そうしたマスク環境の中で注目されているのが「目元のオシャレ」だ。

一部ではアイシャドウやアイライナーなど、目元を飾るメイクアップの売れ行きが伸びていたという現象もあったが、現在、中国では「瞳」を彩るアイテムが若者、そして資本家からの熱視線を浴びているという。

9月は中国で高まる「瞳のオシャレ」を、クチコミ分析などを用いつつ眺めていくことにしよう。

市場は徐々に拡大傾向 人気ブランドの参入も

中国では今、「美瞳(mei tong)」ニーズがZ世代を中心に高まっている。

美瞳とは読んで字のごとく、「瞳」を美しく見せること。すなわち瞳の色を変えたり、大きく見せたりするカラーコンタクトレンズの事。
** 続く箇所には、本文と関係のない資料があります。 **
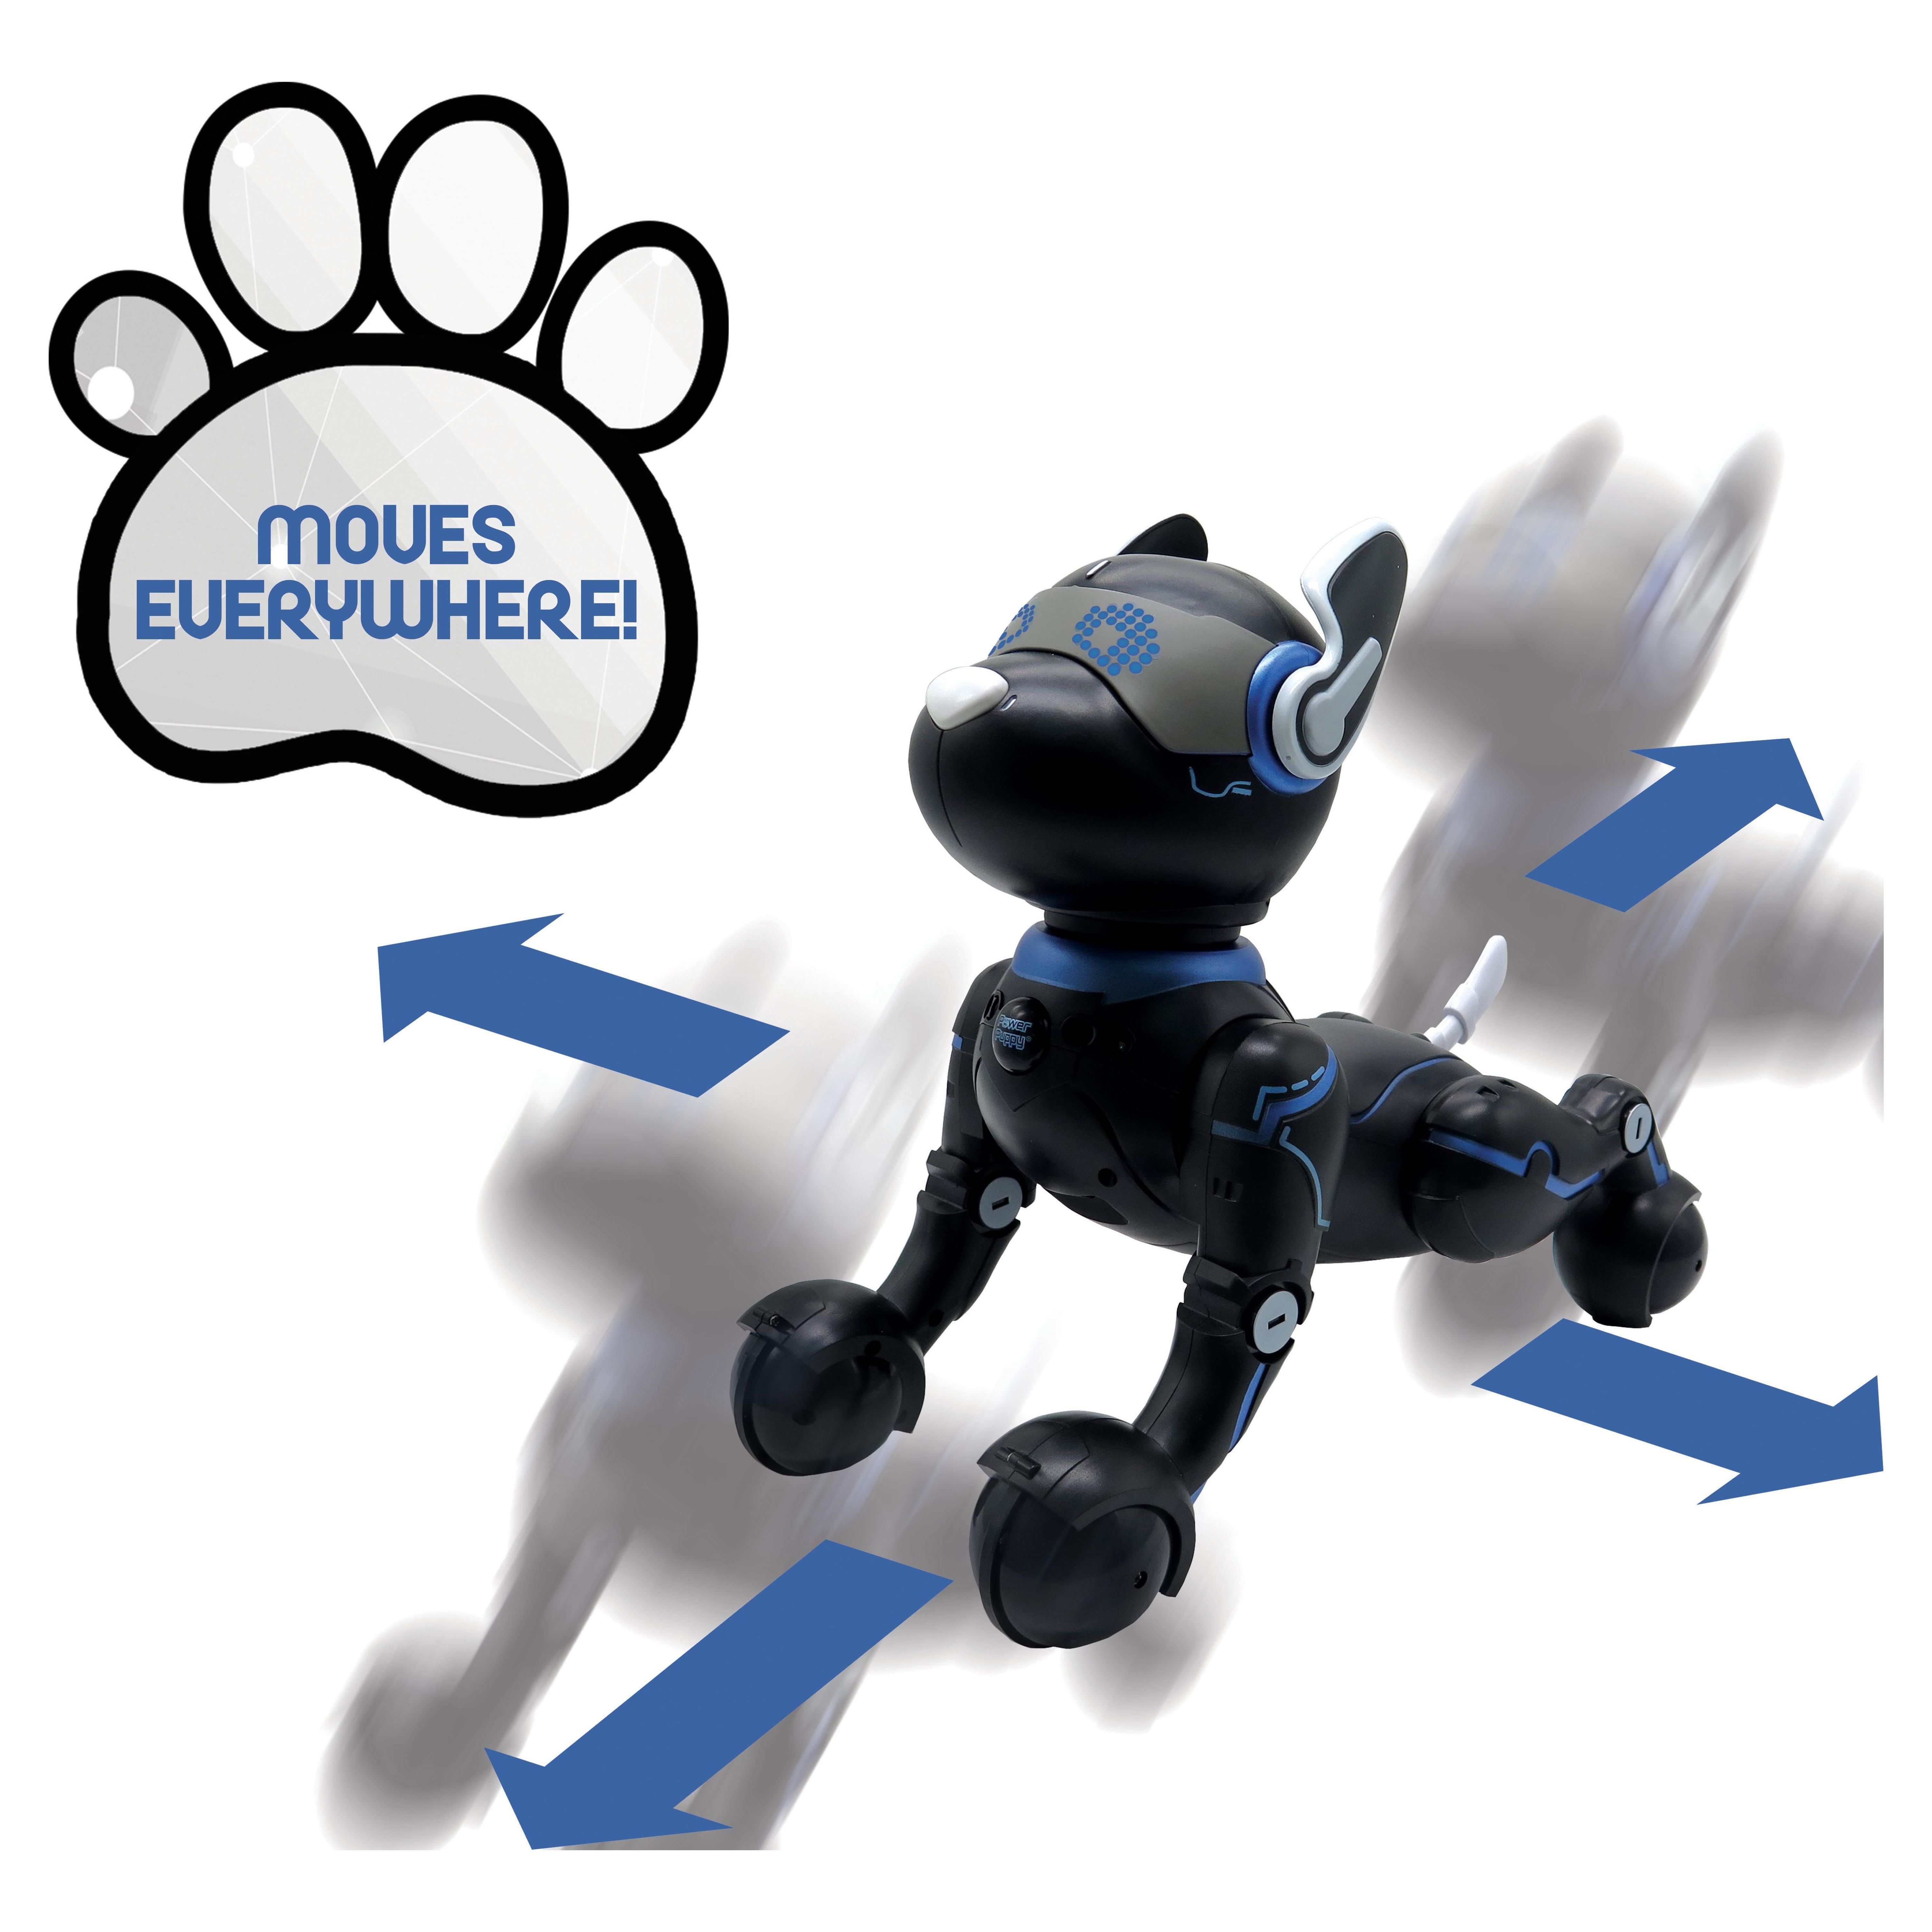 LEXIBOOK Robot télécommandé mon petit chien interactif Power Puppy

現在中国ではカラーコンタクトレンズ市場が消費者、投資家双方からの注目を集めている。

 

人気を示す現象の1つが、日本の中国事業界隈でもよく知られた「完美日記(PerfectDiary)」のカラーコンタクトレンズ市場への本格参入だろう。

 

すでに中国国産メイクアップブランドとしてその地位を確たるものとした同ブランドが、ついなるターゲットとして選んだのがカラーコンタクトレンズ市場だったというのは、決して思い付きなどではなく、そのニーズを読んだものだったと考えられる。

 

市場全体を俯瞰できるデータは決して多くは無いのだが、わずかに中国のシンクタンク智研諮詢が美瞳市場の市場規模および予測値を算出している。

【グラフ】美瞳市場の市場規模とその予測値の推移(単位:億元)

出所:智研諮詢(https://www.chyxx.com/industry/202011/907789.html)

このデータによると2015年には約7億元余りであった美瞳市場も、少しずつ成長を続け、2020年には17.5億元、さらに2026年ごろには約35億元にまで達するとの予想がなされている。

コンタクトレンズには1日用から1ヶ月、半年、1年用などの違いがあるが、平均単価としては100~200元程度である。

その単価の商品で年間17億元は、比較的多くの数が流通していると考えることができる。そしてそれは年々増加傾向にあるのである。

資本が集まる中国美瞳カラコン市場

今年2月には中国国内の設立わずか3年程度のスタートアップMoodyが「ラウンドB」および「B+」、総額3.8億元の資金調達を行っている。

 

同ブランドの天猫旗艦店を見てみると「人気断貨王(売り切れ王)」というキャッチコピーとともに、非常に異なる商品シリーズ、かつシリーズごと複数の色を持ったカラーコンタクトレンズが並んでおり、Z世代が求める「より自身に合った色」を選ぶことが可能となっている。

コンタクトレンズだけでなく「ヒアルロン酸入り保湿点眼液」など、目の渇きに悩む女性向けケア商品なども販売されており、まさに「瞳の総合ケア」というメッセージを発信している。